• _Exercise details_
Return the listing below verbatim. Pictures do not belong in the copy.

*** Opening Material provided ***

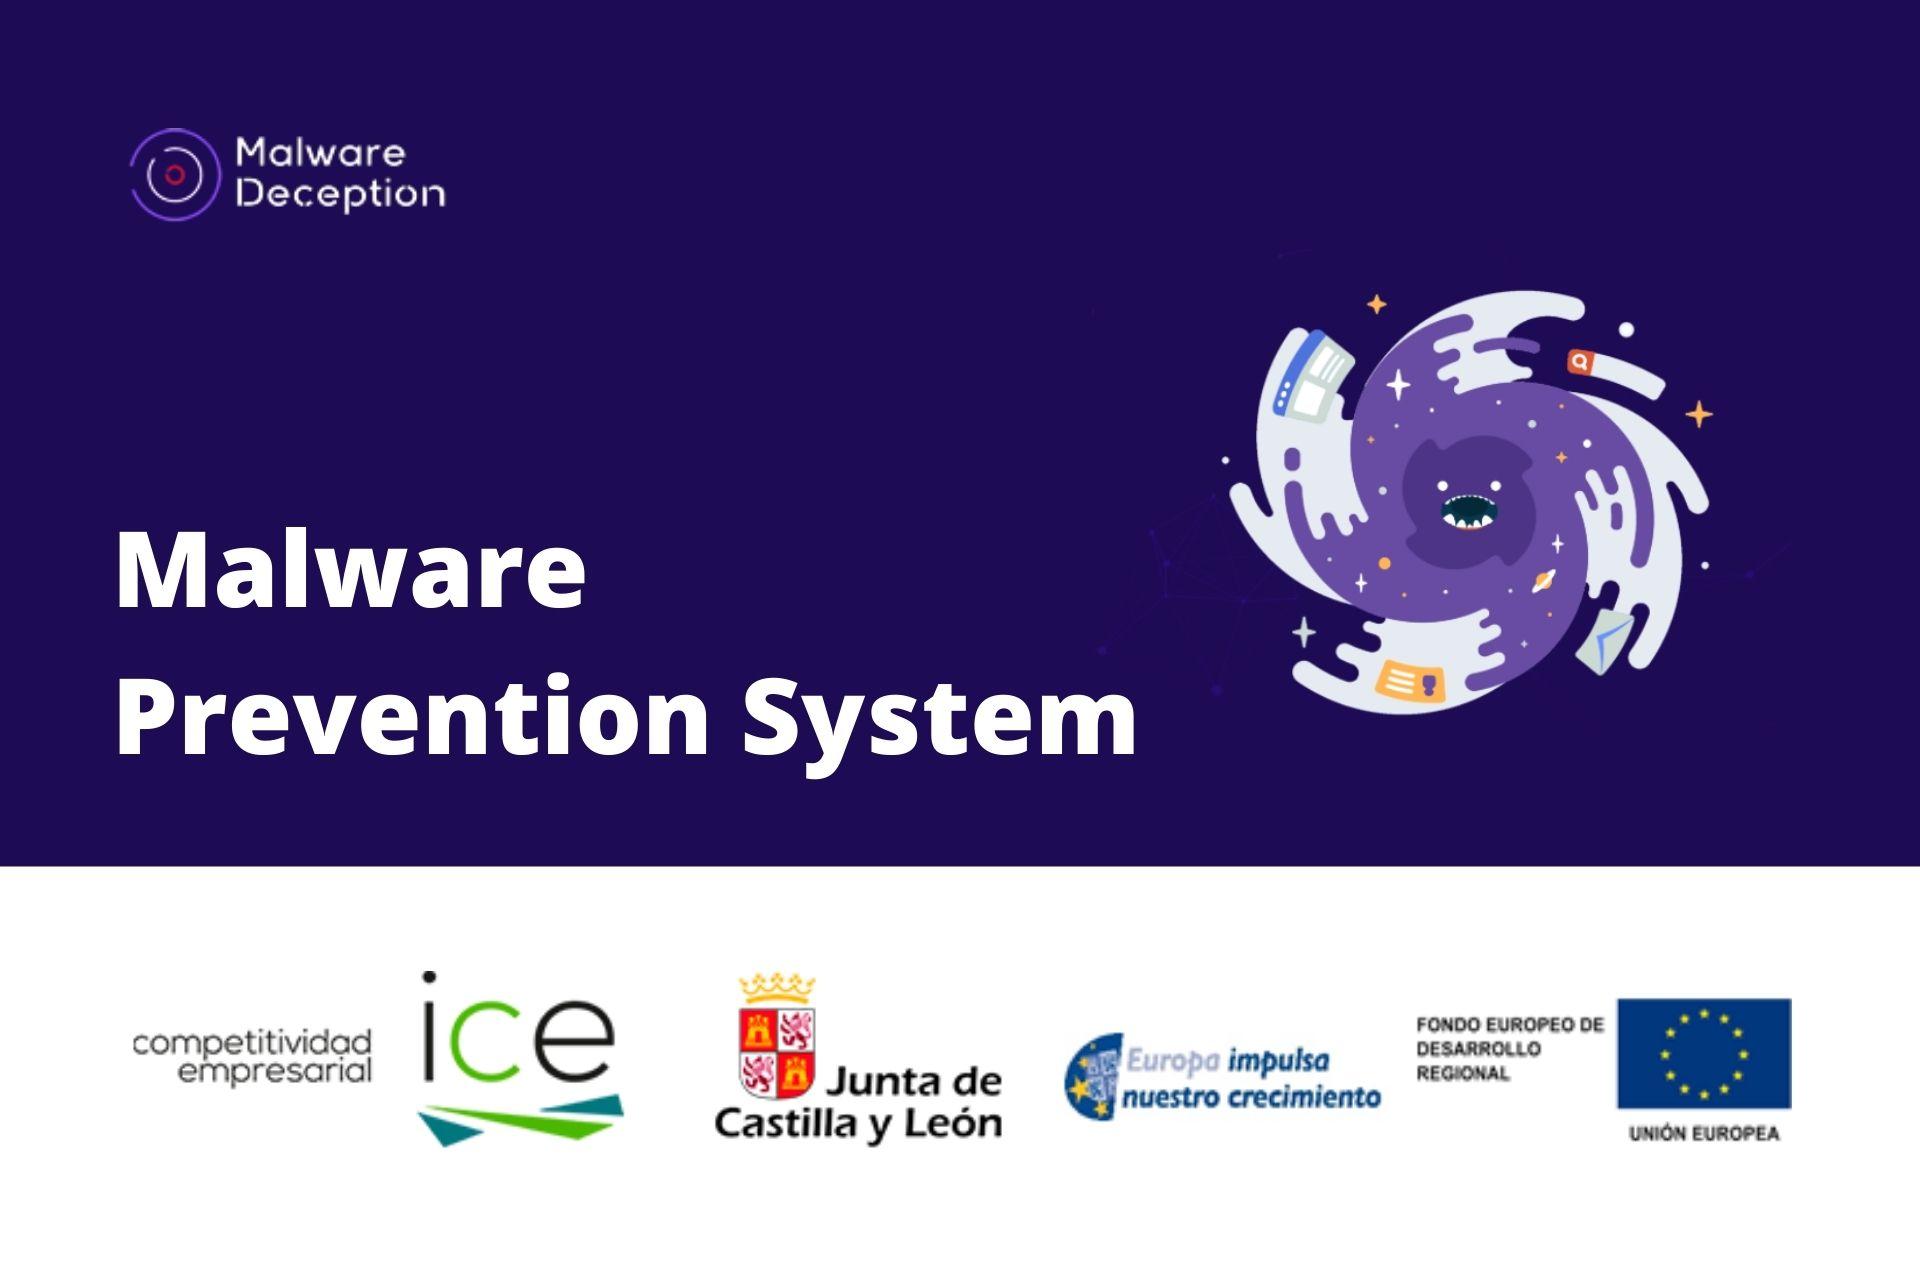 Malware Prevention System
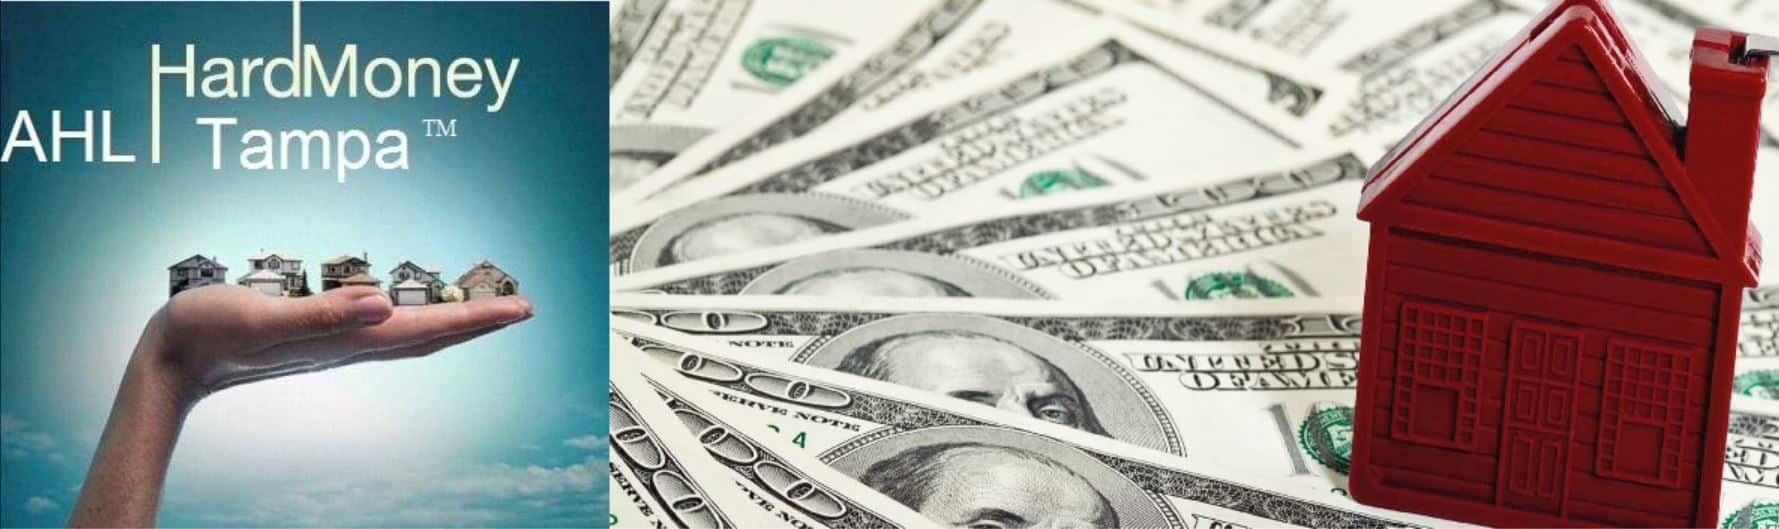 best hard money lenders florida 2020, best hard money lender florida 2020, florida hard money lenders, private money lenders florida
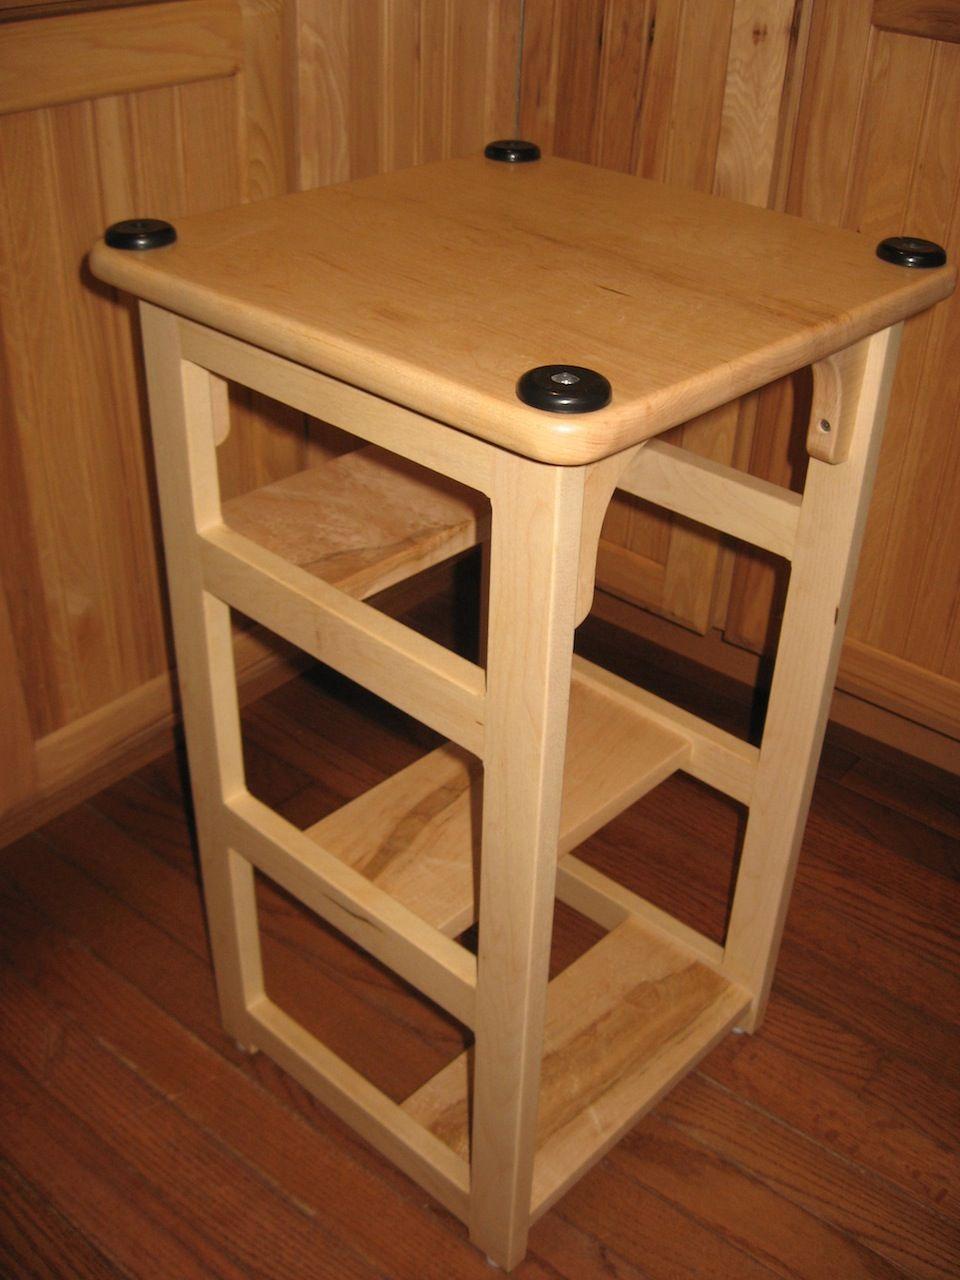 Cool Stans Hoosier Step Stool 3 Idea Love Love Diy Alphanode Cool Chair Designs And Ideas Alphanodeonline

*** Closing Material provided ***

• _Response_
 Malware Prevention System
 best hard money lenders florida 2020, best hard money lender florida 2020, florida hard money lenders, private money lenders florida
 Cool Stans Hoosier Step Stool 3 Idea Love Love Diy Alphanode Cool Chair Designs And Ideas Alphanodeonline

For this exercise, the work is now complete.